An automatic defect classification and segmentation method on three-dimensional point clouds for sewer pipes

Abstract

With the development of deep learning (DL), sewer pipe inspection on two-dimensional (2D) images has achieved remarkable accuracy. However, extracting defect measurements from these 2D images is challenging due to the curved nature of pipes and the lack of depth information. Point clouds can restore the three-dimensional (3D) information of objects. To effectively identify defects in disordered and sparse point clouds, a 3D sewer pipe classification and segmentation method was proposed. In the encoder, the original point clouds are sampled and grouped and the local features in the clusters are extracted by two symmetric functions (1 × 1 convolution and the maximization function) to process the points with permutation invariance.

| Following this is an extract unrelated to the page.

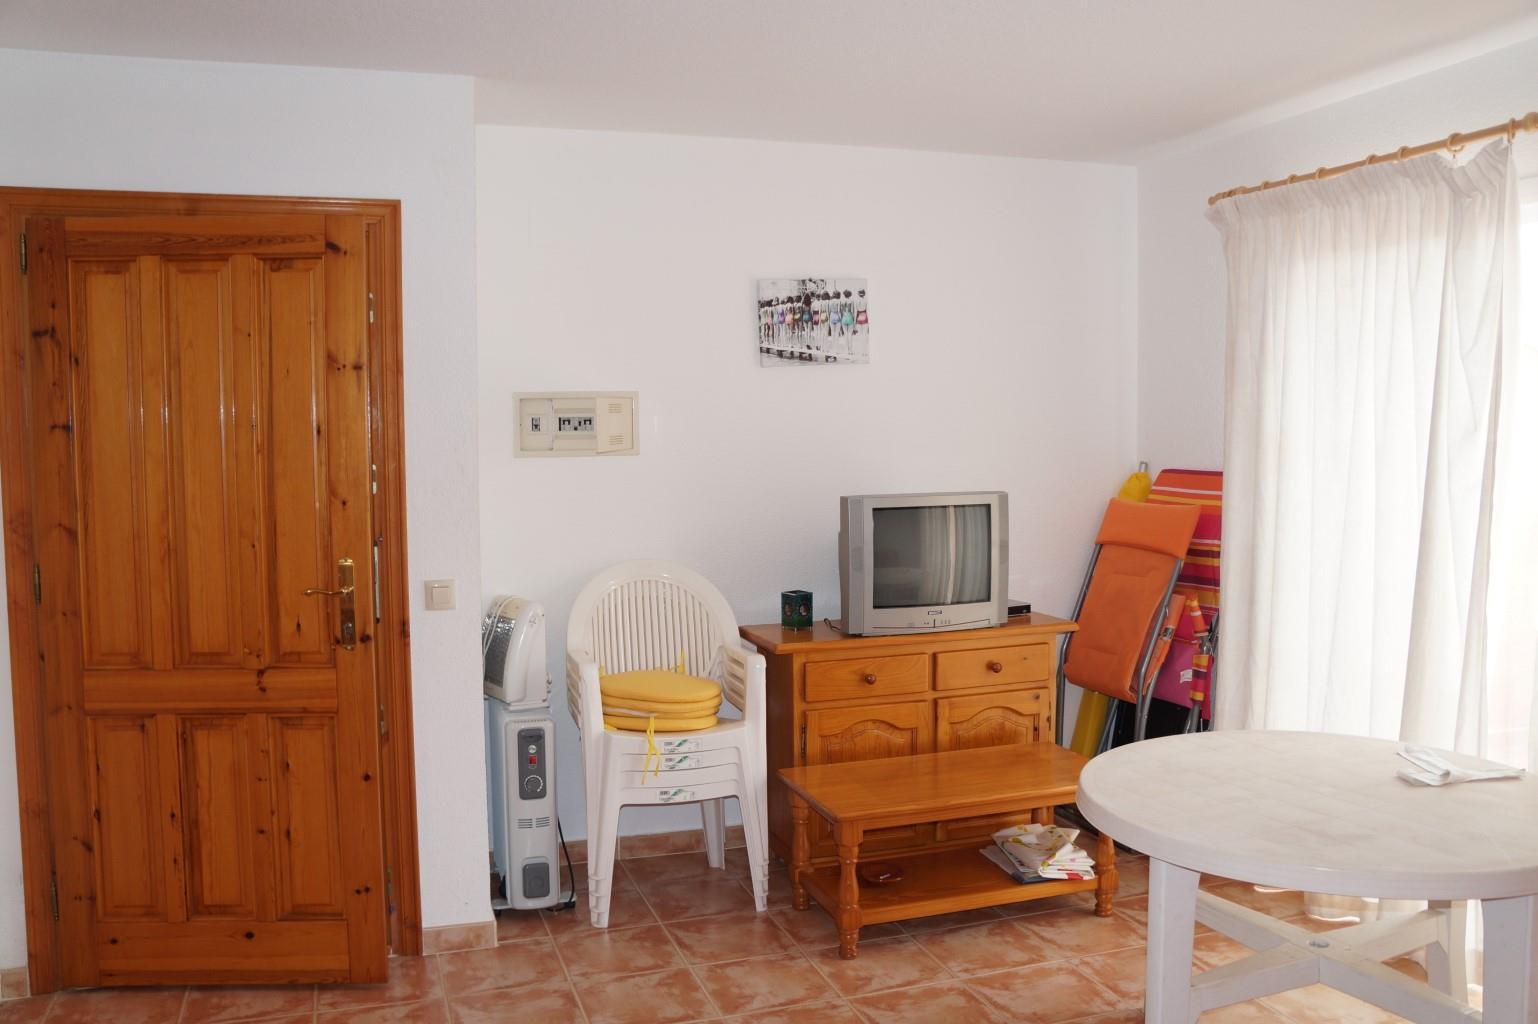 Appartement - Benitachell - #2183105-9

In the decoder, the multi-scaling abstract features are upsampled using feature pyramid network (FPN) to predict the category of each point. Especially, the network structure and training strategy of the inspection method is optimized to improve the inspection accuracy. Furthermore, two data augmentation methods, namely random scaling and point jitter, are used to increase the data volume. An ablation experiment shows that the optimization of network structure can effectively improve the performance of the inspection model and the novel training strategies can stabilize the training process and prevent overfitting. Comparison among the state-of-the-art networks demonstrates that the proposed segmentation model attains the highest mIoU of 94.15 %, which is improved by 11.46 % with the optimization of network structure and training strategy. For the classification task, the F1 score and accuracy of the established model are 6.79 % and 5.46 % higher than PointNet++, respectively. These results signify the high-accuracy defect inspection capability of our proposed method on 3D point clouds of sewer pipelines.